GOAL OF THE EXERCISE
Only the pictures should be dropped; every line of the data must come back exactly as written.

DATA BELOW

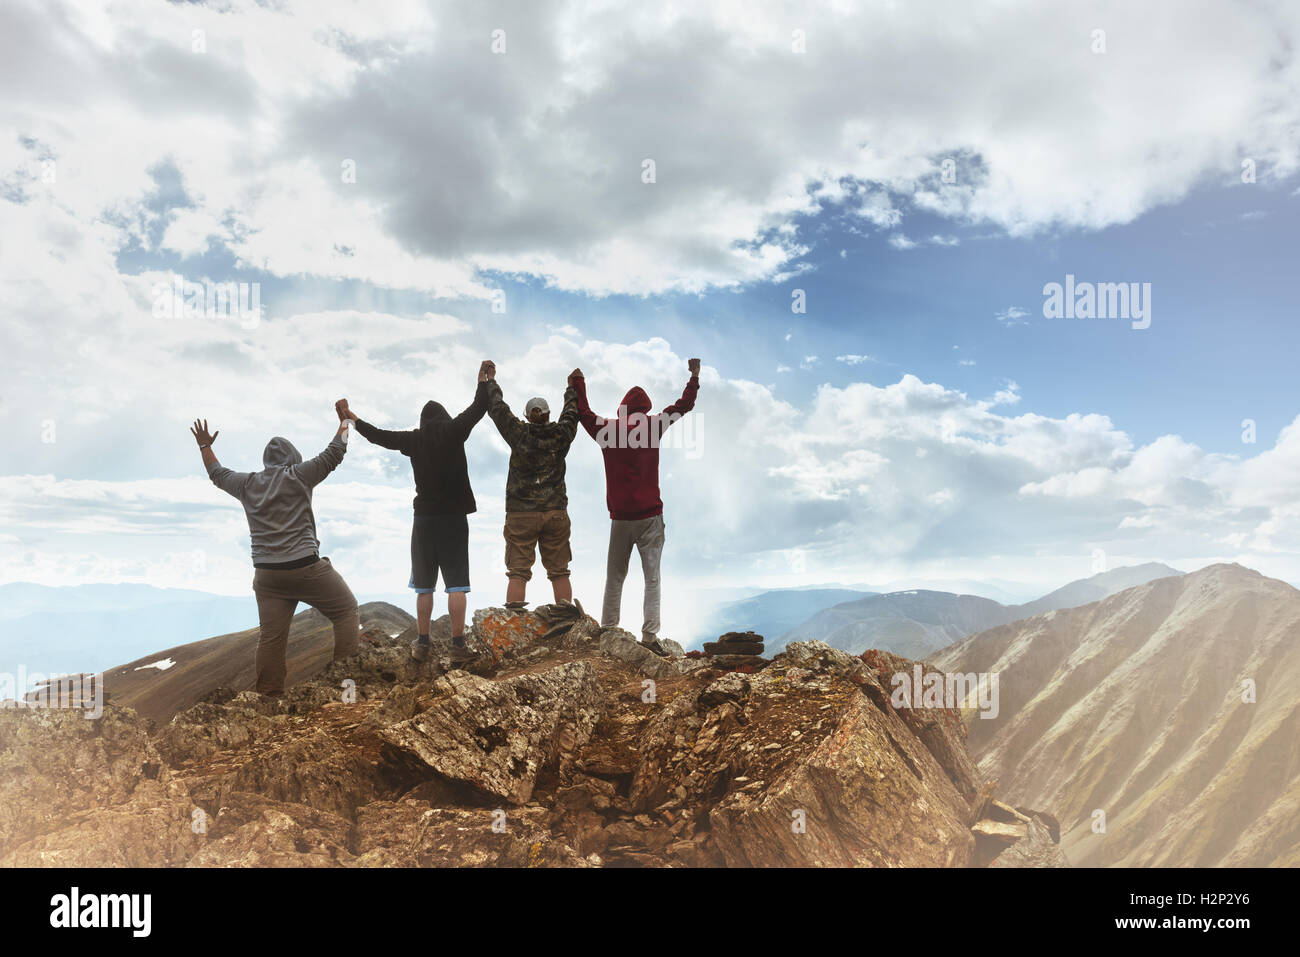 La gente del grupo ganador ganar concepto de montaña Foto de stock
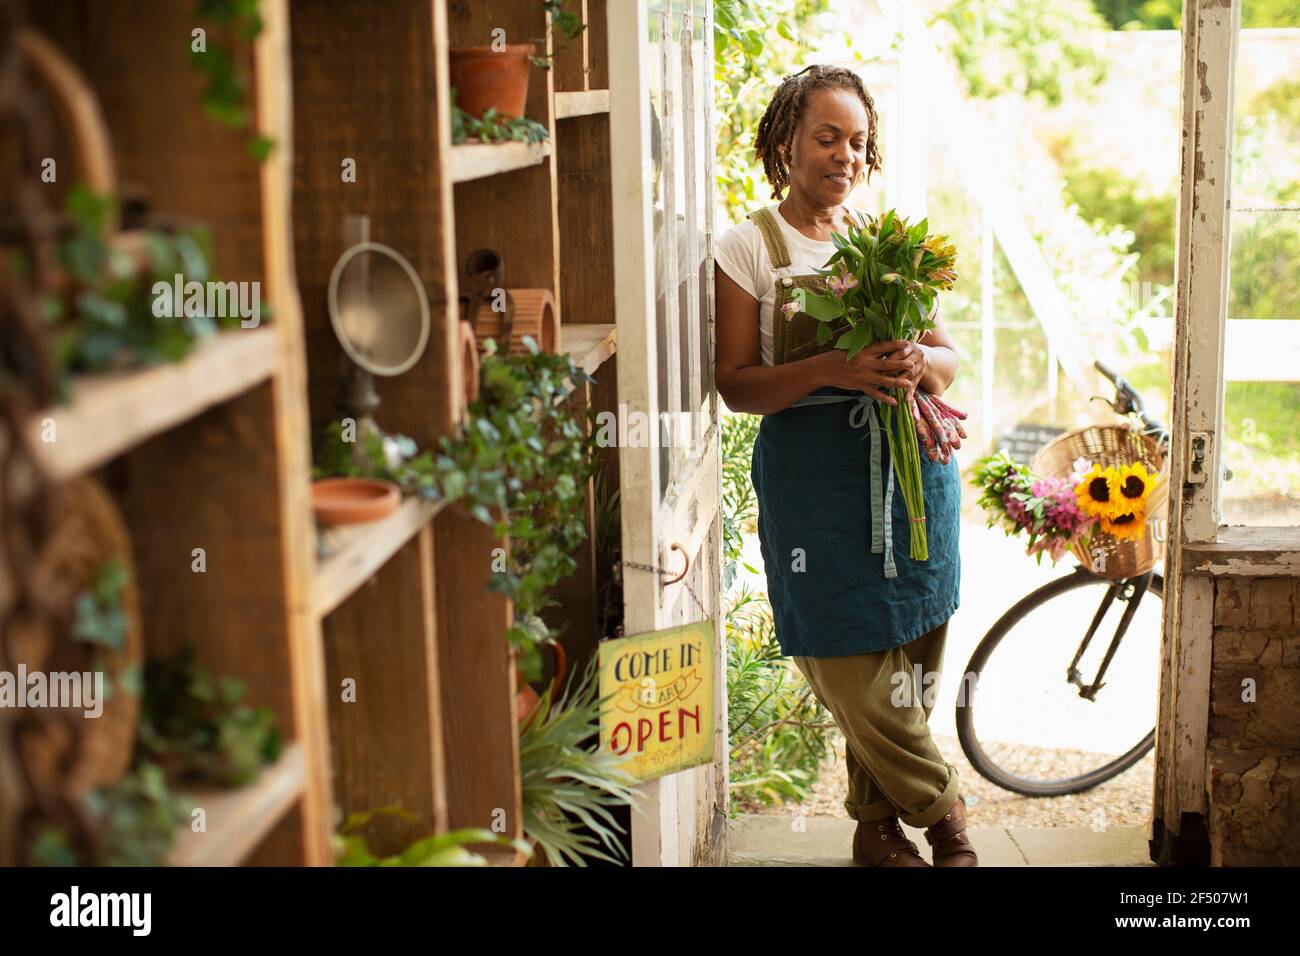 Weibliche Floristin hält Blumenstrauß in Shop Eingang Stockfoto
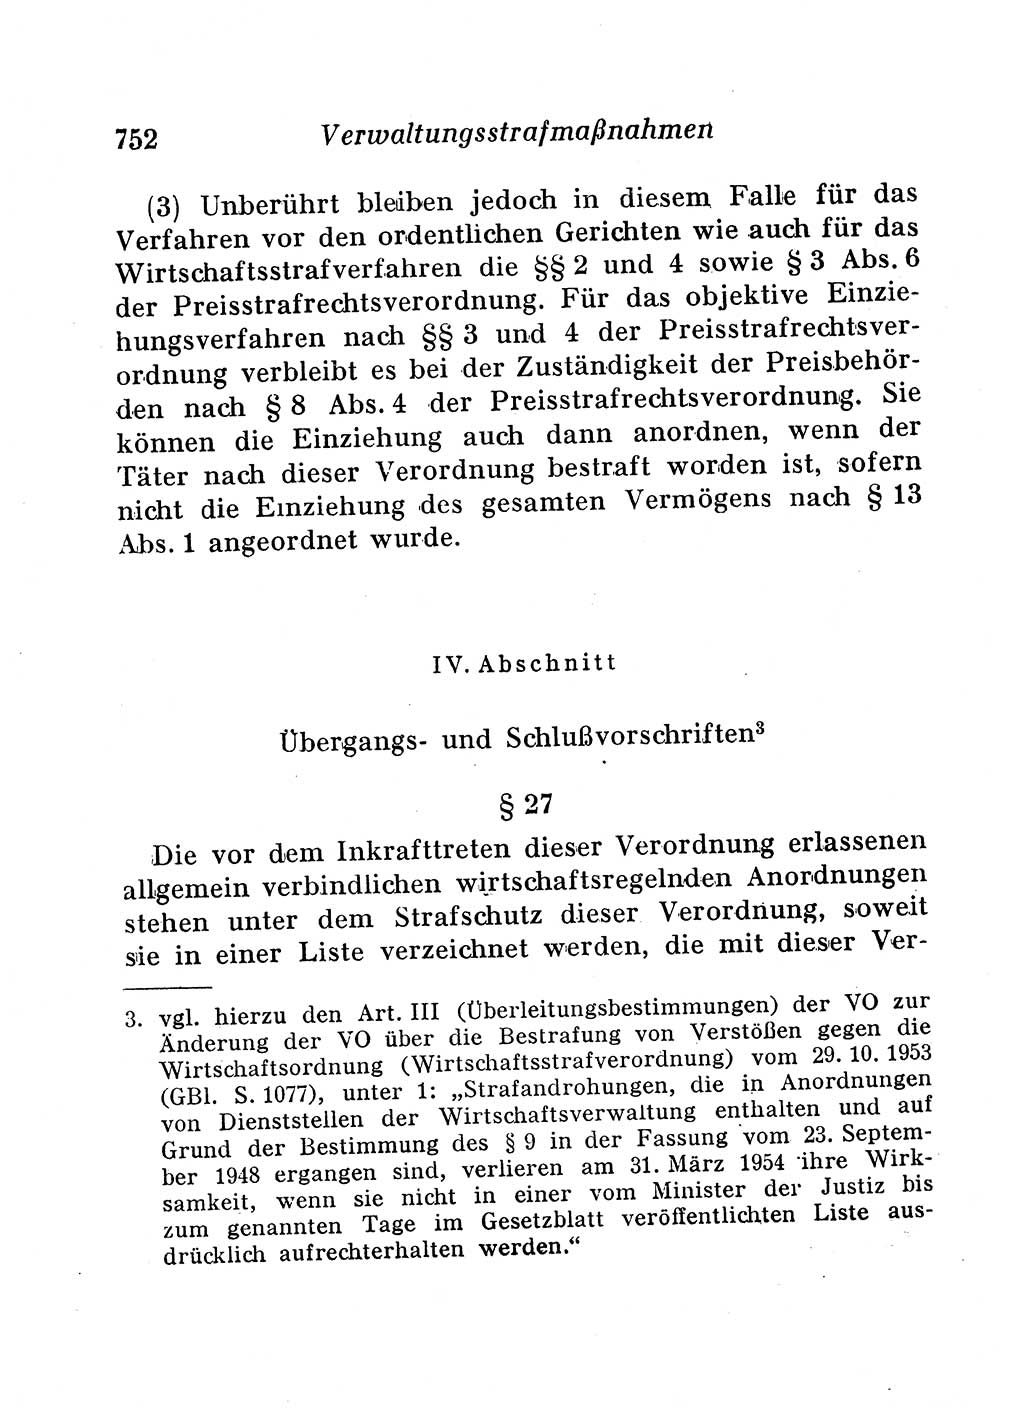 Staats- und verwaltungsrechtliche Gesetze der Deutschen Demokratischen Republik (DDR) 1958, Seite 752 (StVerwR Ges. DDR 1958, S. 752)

OUTPUT OF THE TASK
 La gente del grupo ganador ganar concepto de montaña Foto de stock
 Weibliche Floristin hält Blumenstrauß in Shop Eingang Stockfoto
 Staats- und verwaltungsrechtliche Gesetze der Deutschen Demokratischen Republik (DDR) 1958, Seite 752 (StVerwR Ges. DDR 1958, S. 752)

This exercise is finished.